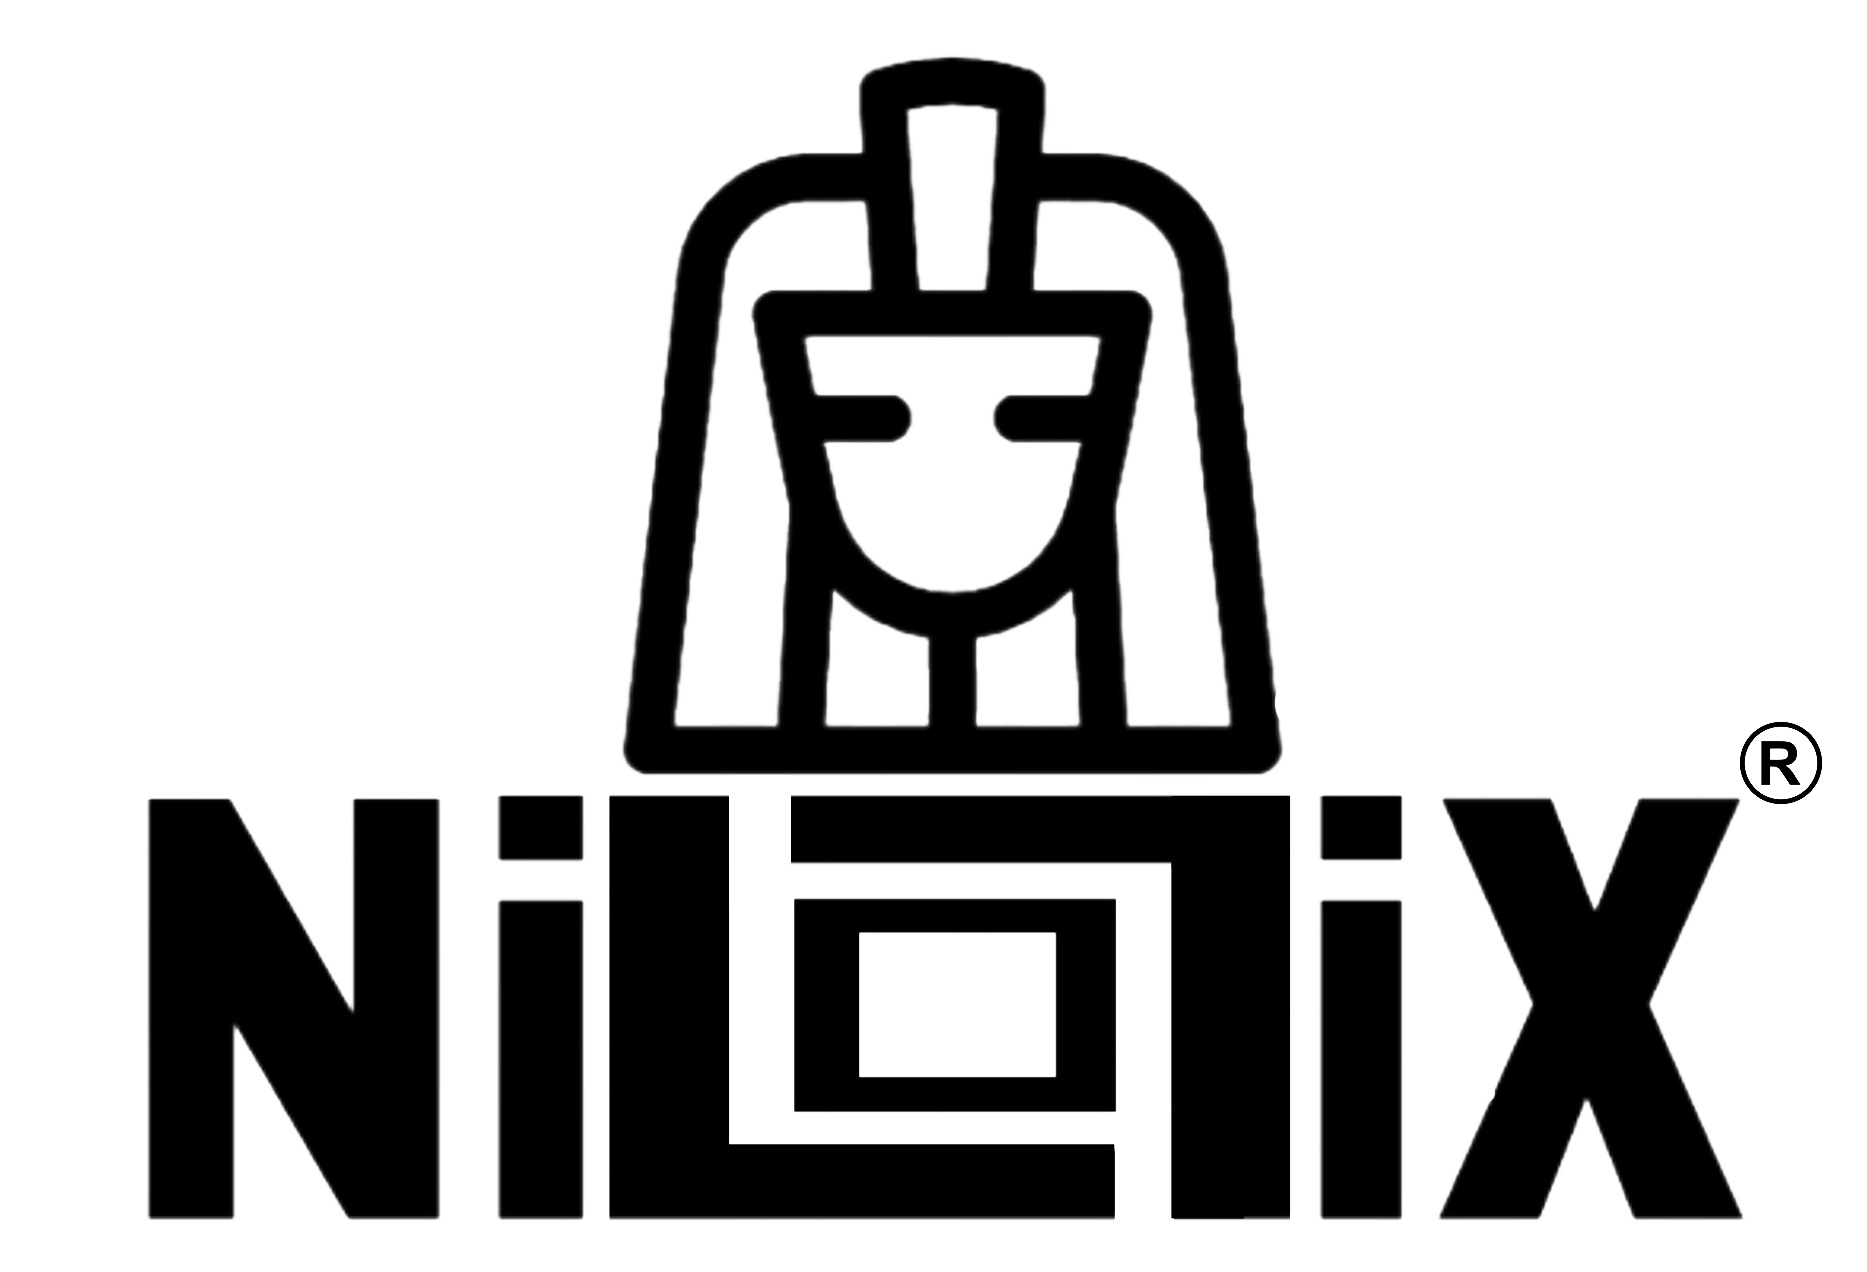 Nilotix
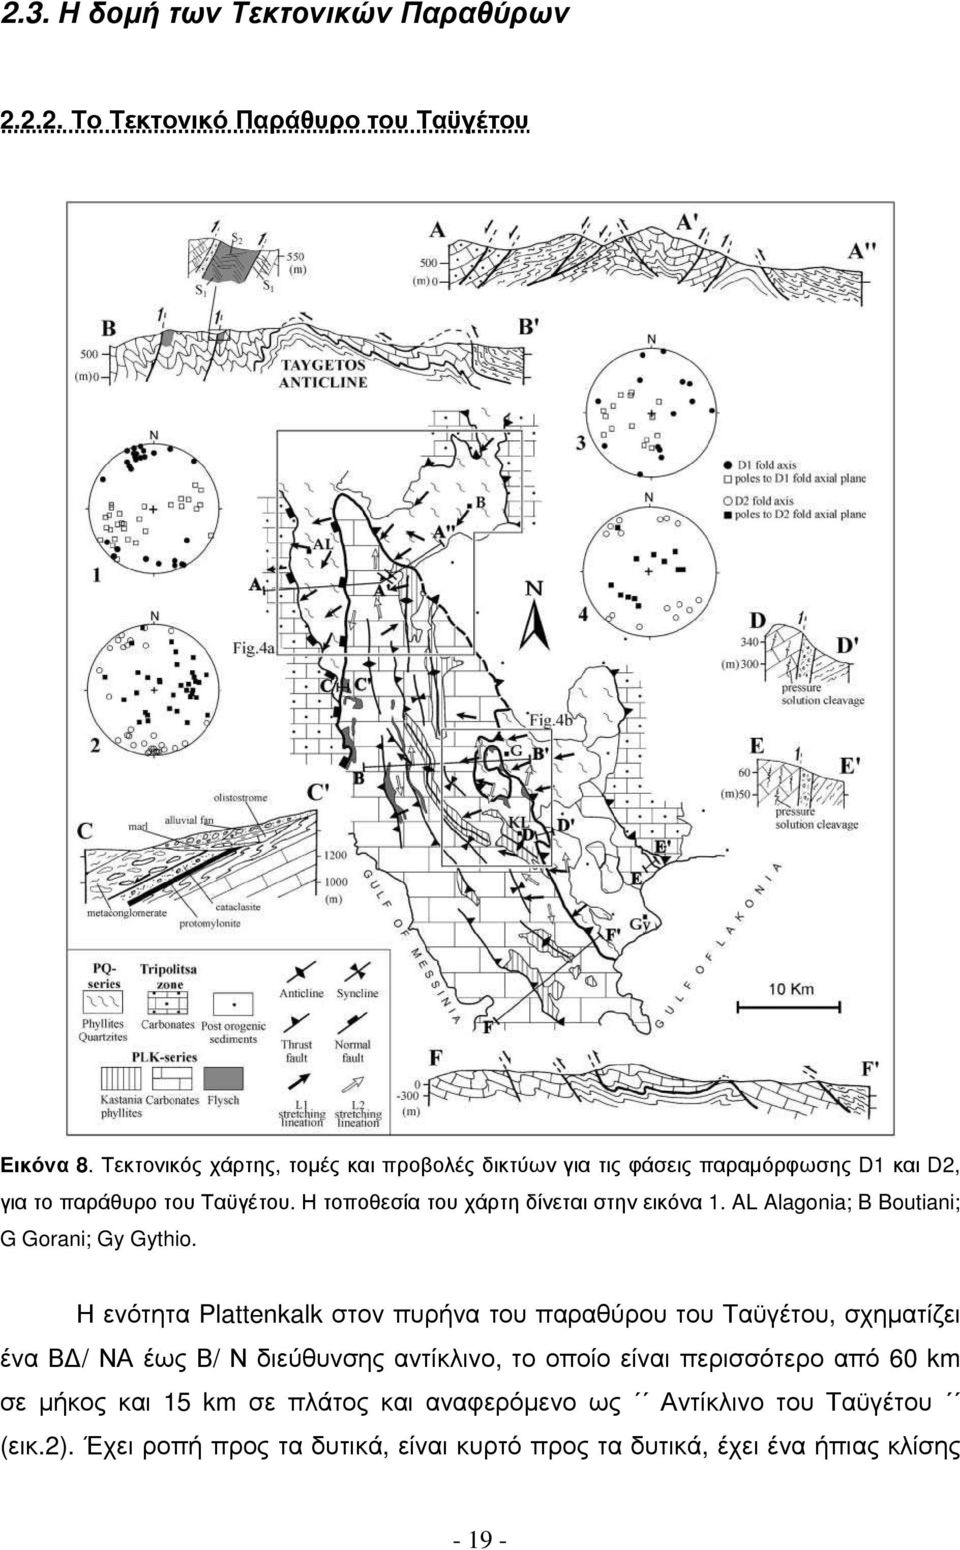 Η τοποθεσία του χάρτη δίνεται στην εικόνα 1. AL Alagonia; B Boutiani; G Gorani; Gy Gythio.
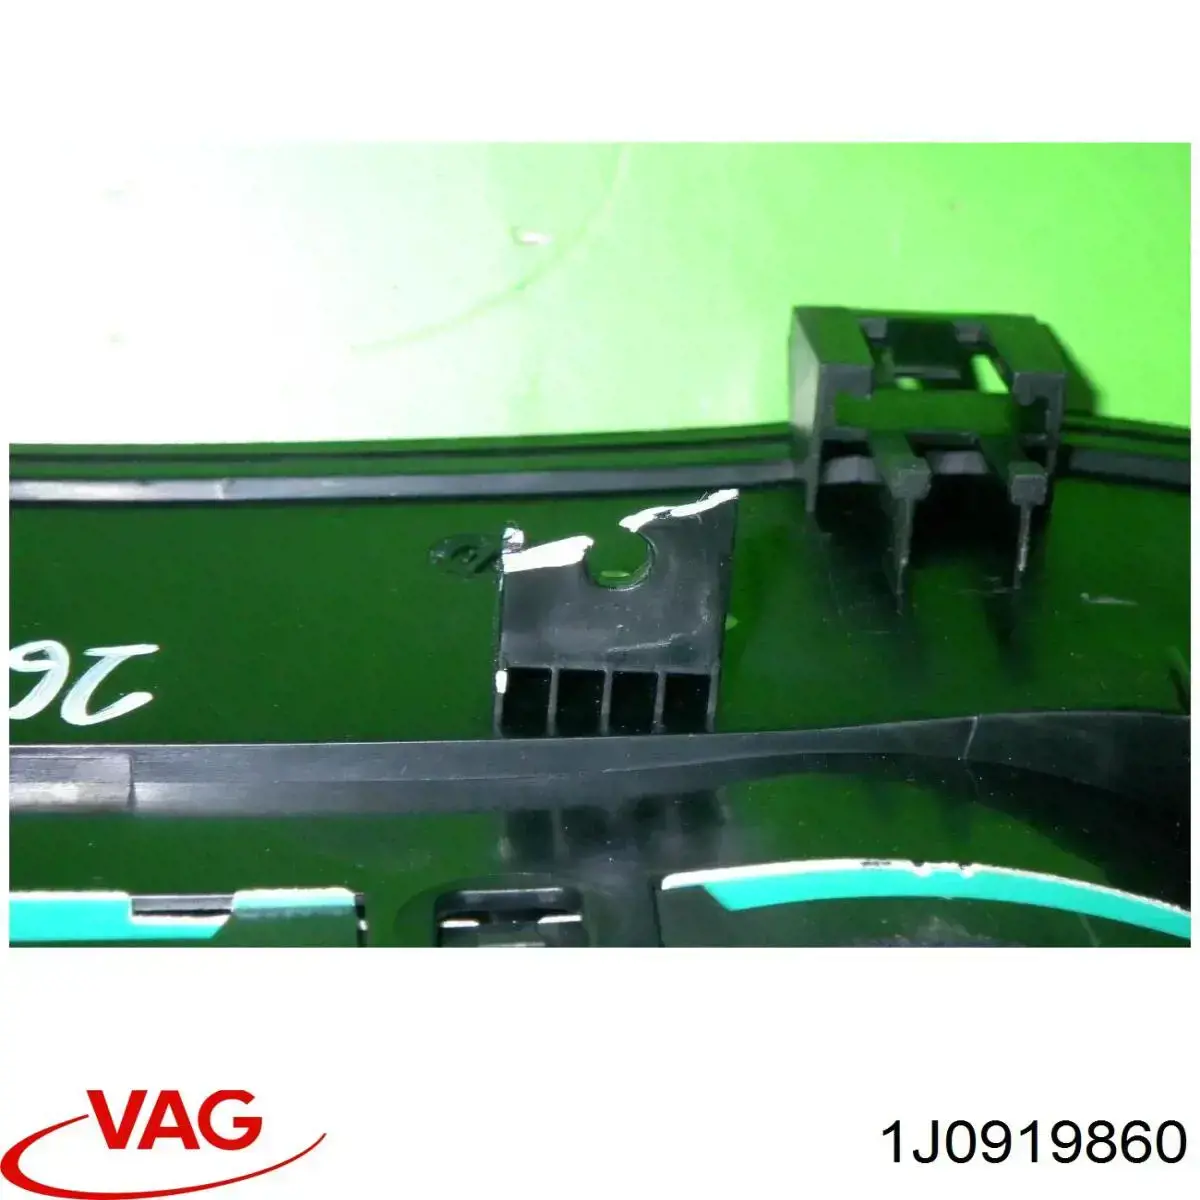 1J0919860V VAG painel de instrumentos (quadro de instrumentos)

☆ ☆ ☆ ☆

Output the complete listing exactly as it appears, except for the images.

 Nilotix
 Η τοποθεσία του χάρτη δίνεται στην εικόνα 1. AL Alagonia; B Boutiani; G Gorani; Gy Gythio.
 1J0919860V VAG painel de instrumentos (quadro de instrumentos)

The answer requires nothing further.